Univariate analyses reveal that cyclone snowfall exhibits the strongest positive correlation with snow accumulation, and alone explains ~44% of its monthly variance (ranging 0–72% in the E. Greenland Sea and Arctic Ocean, respectively) (Fig. 5b and Supplementary Table 2). On average, cyclone count and intensity alone explain ~13% and ~19% of the variability in monthly snow accumulation, respectively, and regionally range by 0–35%. Cyclone size has the weakest relationship with monthly snow accumulation. Considering both cyclone count and intensity in a multivariate regression framework, these variables account for 7–35% of the monthly variability in snow accumulation, whereas, collectively, cyclone count, intensity, and size influence 9–35%. As demonstrated above, the effects of cyclone activity on snow accumulation may be attenuated by the differing presence, advection, and date of freeze-up of sea ice between regions, and, thus, contribute to the extreme spread in the univariate and multivariate correlations.
Building on this, we compare the influence of cyclone count and intensity on snow accumulation between the Pacific and Atlantic sectors. The univariate analyses establish that, in the Pacific, cyclone intensity has ~10% greater influence on the monthly snow accumulation than cyclone counts (Fig. 5b and Supplementary Table 2). Similarly, cyclone-associated snowfall is more strongly correlated with intensity than cyclone count in the Pacific (Fig. 5 and Supplementary Table 3). The relatively higher correlation may arise because vorticity, which is proportional to the Laplacian of the sea level pressure fields used in this analysis for cyclone intensity, is a measure of strength of rotation and convergence/uplift. Convergence and uplift, in turn, transport moisture and heat from the surface into the Arctic atmosphere, wherethe moisture can then precipitate as snow. The statistics suggest that snowpack development in the Pacific sector is more sensitive to changes in cyclone intensity rather than cyclone counts. Increasing the frequency of weak cyclones may not significantly increase snowpack development in the Pacific sector; however, stronger cyclones could result in greater snow accumulation. In the Atlantic sector, the results indicate that both cyclone intensity and count have roughly equal influence on monthly snow accumulation and cyclone-associated snowfall (Fig. 5; Supplementary Tables 2, 3).

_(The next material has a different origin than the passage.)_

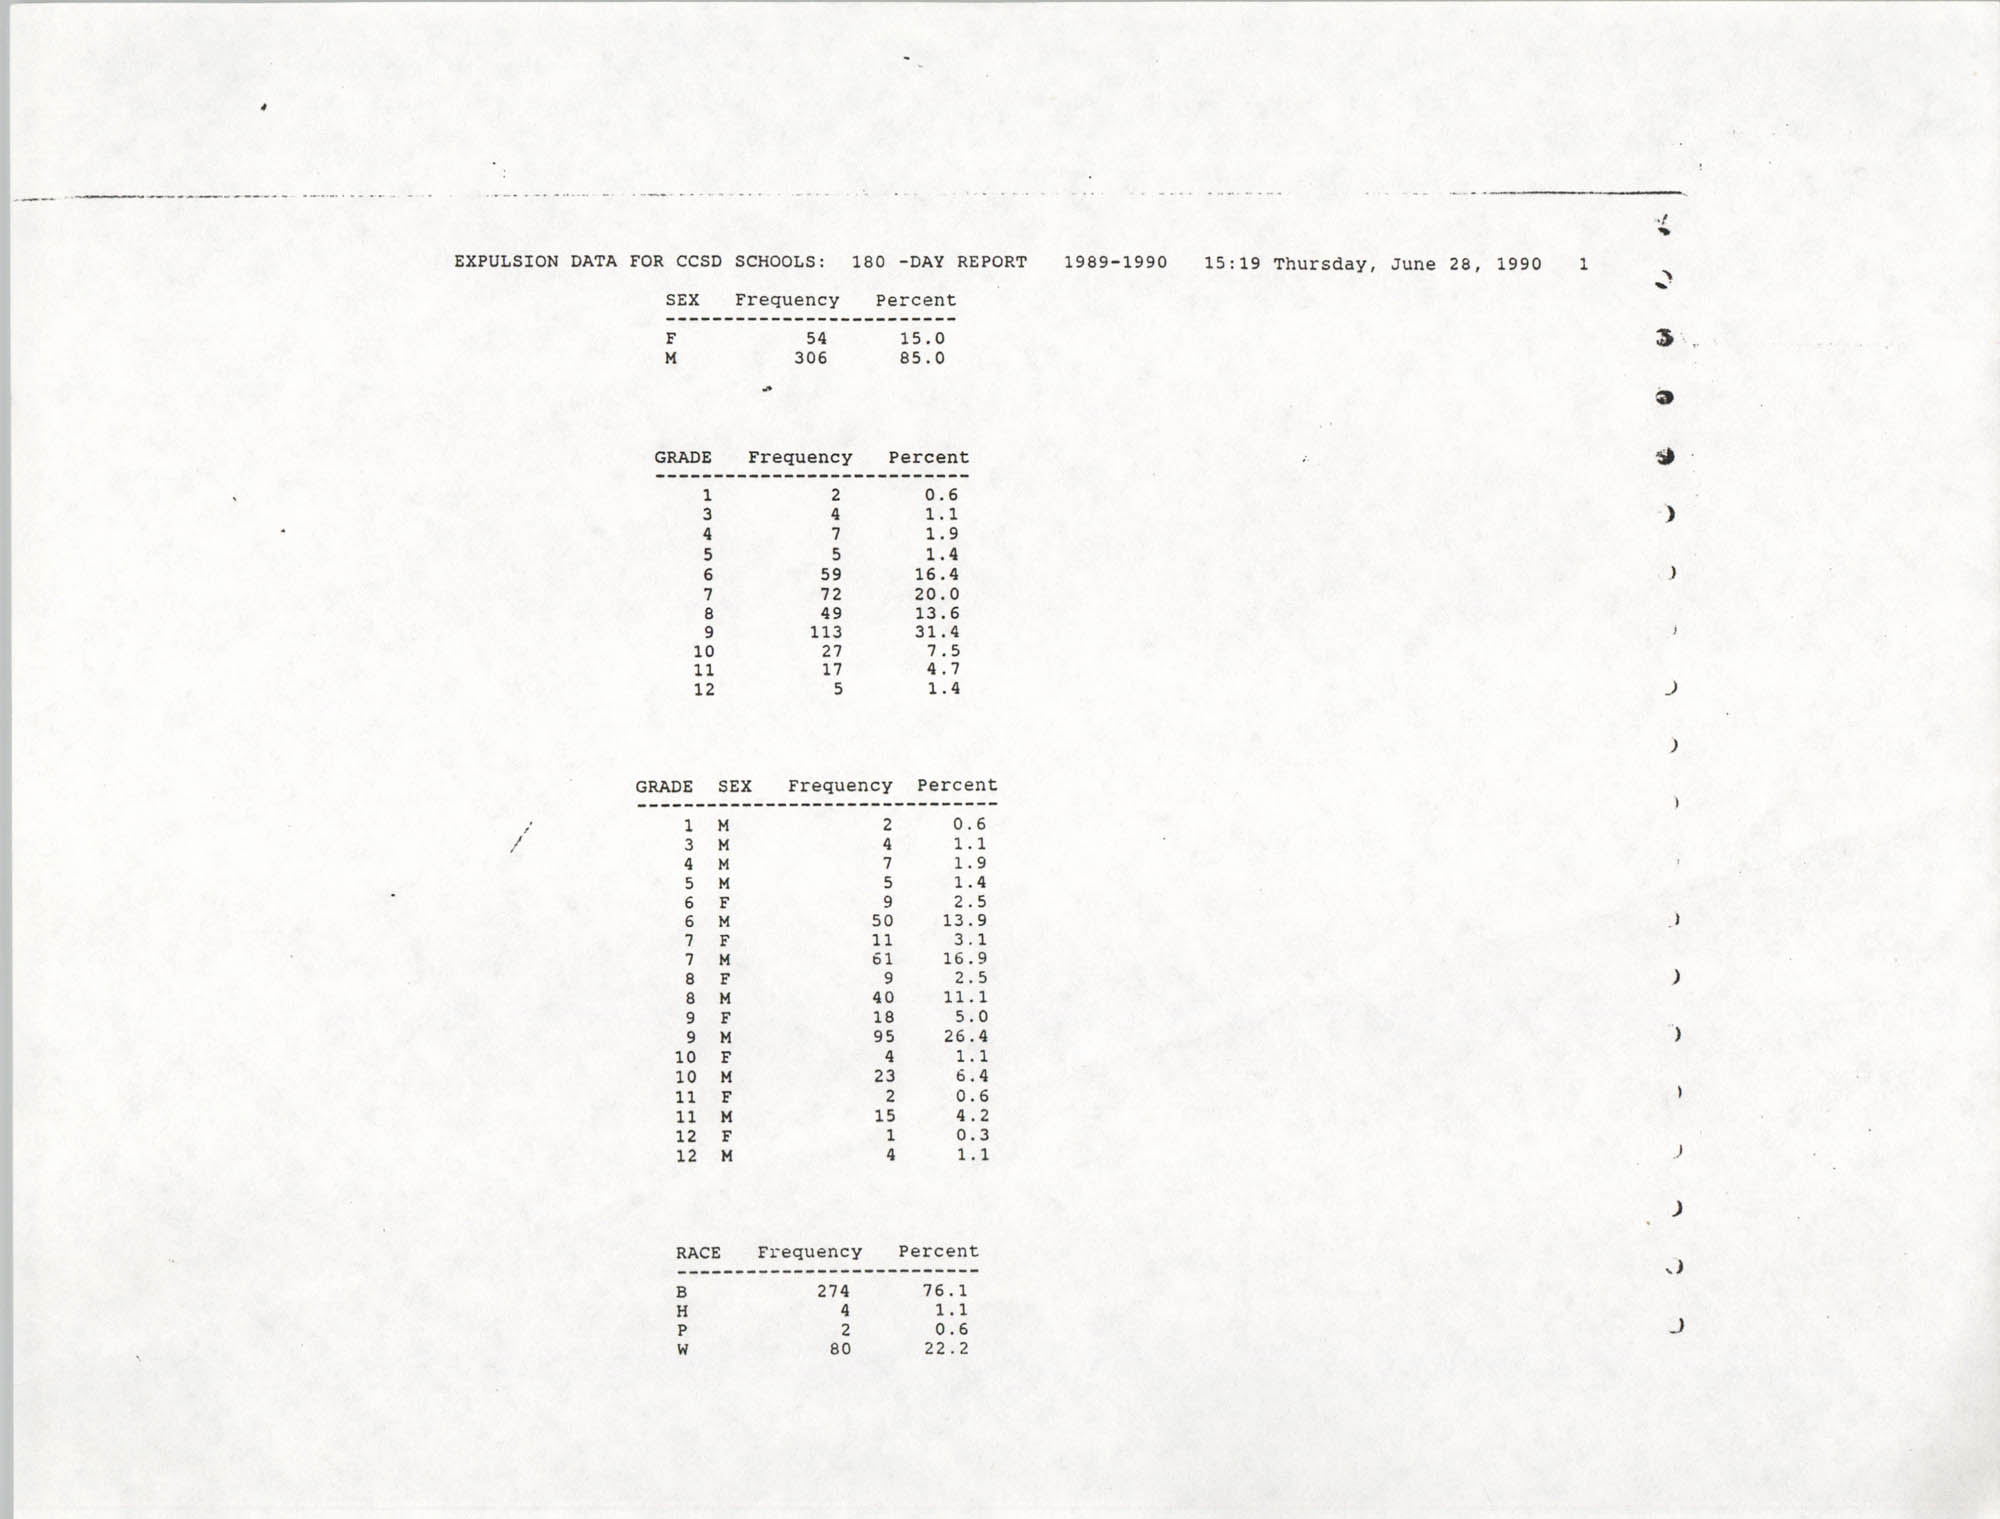 Data for Charleston County School District Schools, 1989-1990, Expulsion Data, Page 1
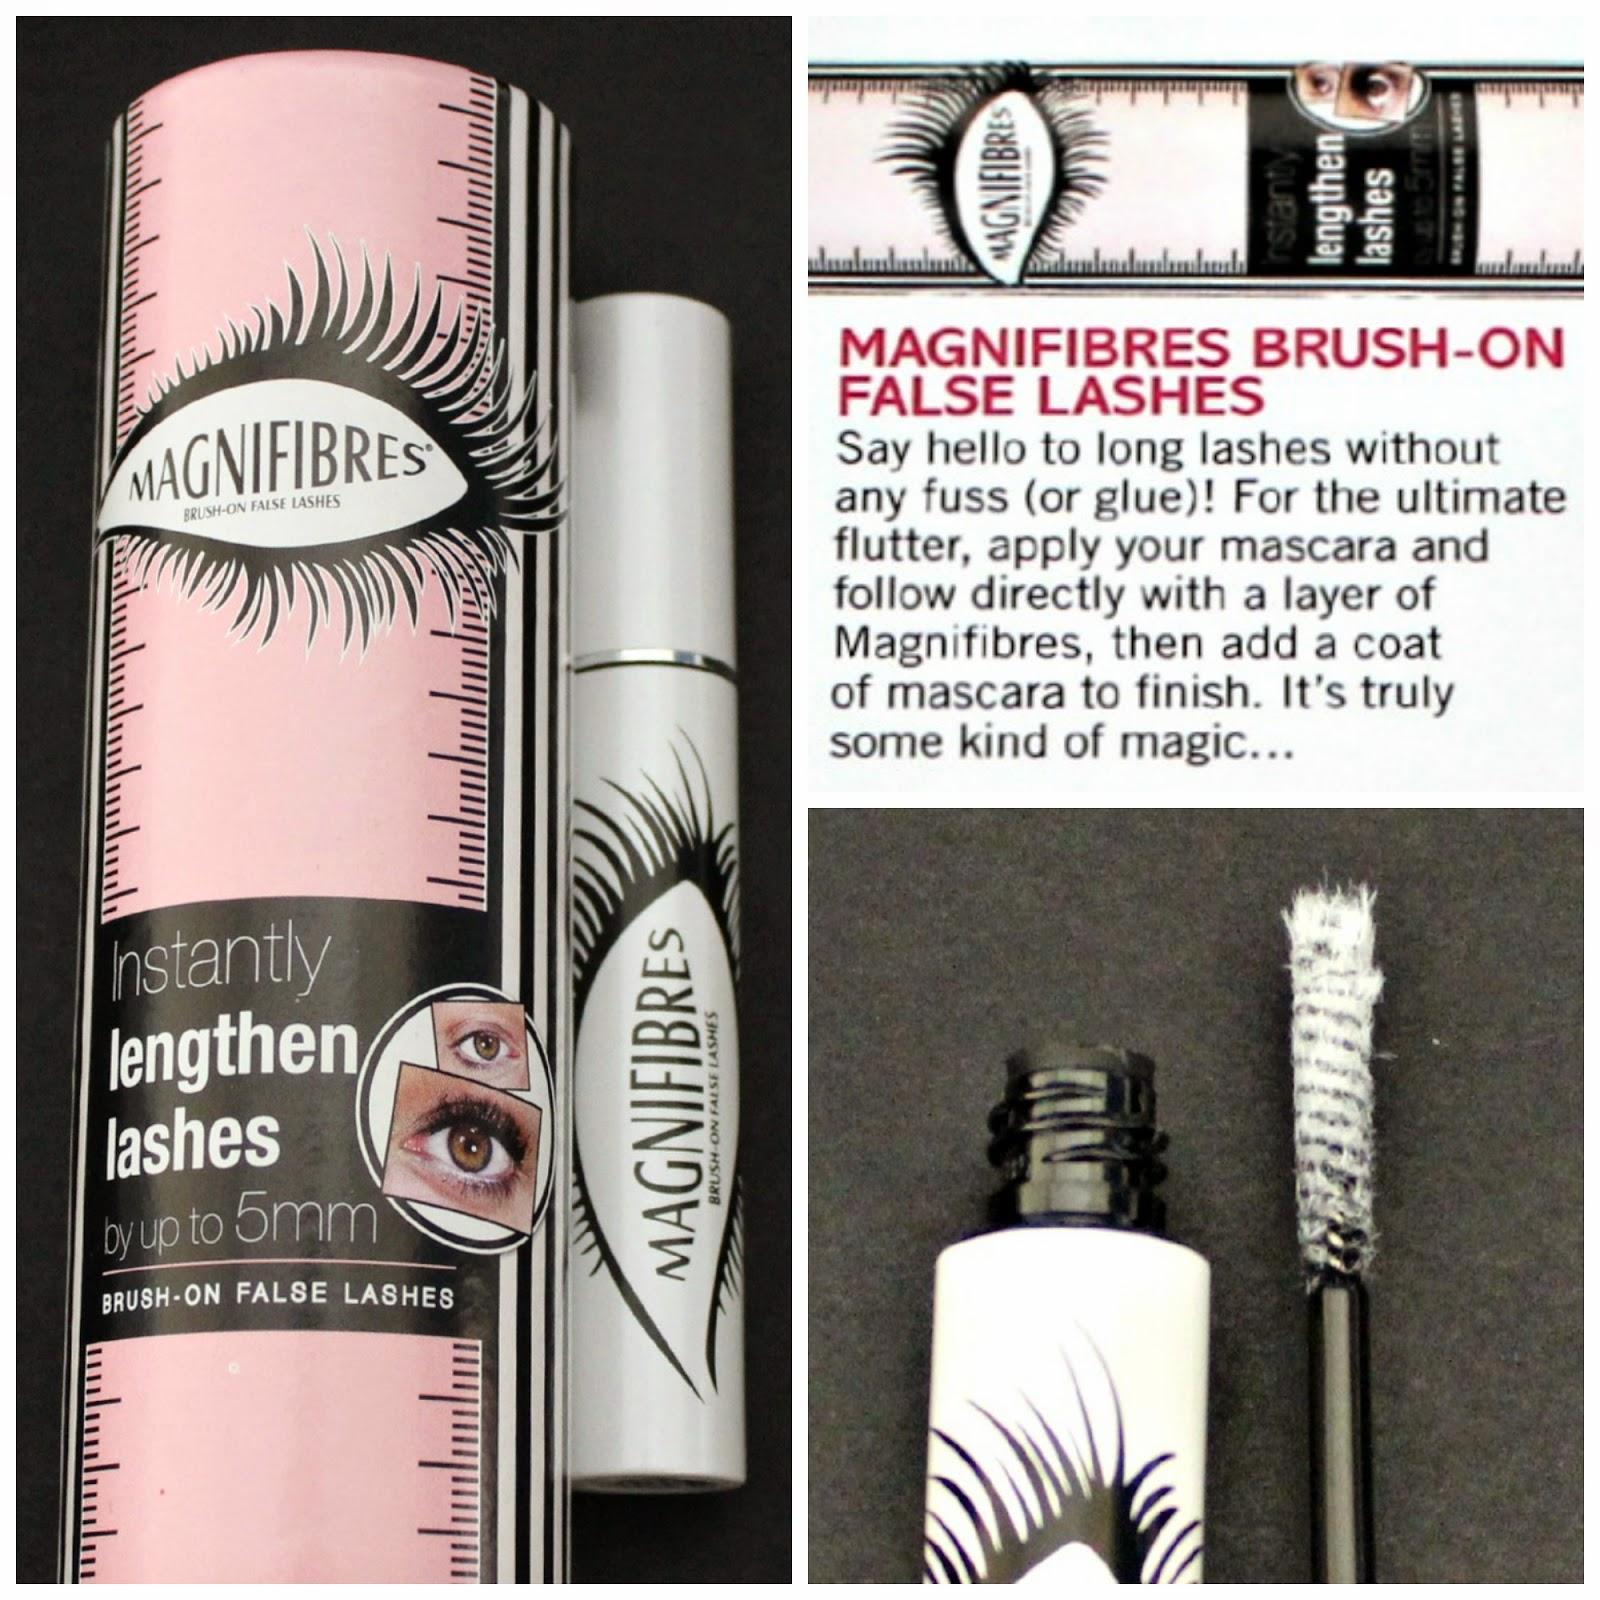 Magnifibres lashes

Other mechanisms of snow accumulation
The relative importance of cyclone snowfall varies across the Arctic basin. Our analyses consistently reveal a thinner snowpack in the Pacific sector (particularly the E. Siberian and Beaufort seas, Fig. 4). On the first order, this can be explained by the low cyclone activity and weaker cyclones which account for ~50% of the total snowfall in the region (Figs. 2 and 3).
To explore the regional differences in snow accumulation and cyclone activity further, we analyzed snow depth data from ice mass balance buoys (IMBs)23 in the broader Beaufort region (i.e., Beaufort Sea, western central Arctic) and the N. Atlantic region (i.e., E. Greenland Sea, eastern central Arctic), (Fig. 8). We used the IMB data together with cyclone variables to quantify how much of the snowpack is built-up during and outside of cyclone events. The Beaufort region had 19 buoys with 168 accumulation events, whereas the N. Atlantic region had 16 buoys with 246 accumulation events. Air pressure was recorded by the IMBs and compared to cyclones’ minimum sea level pressures. A 24-hour window and minimum cyclone radius were used to identify coincident events between the IMB buoys and cyclone tracker.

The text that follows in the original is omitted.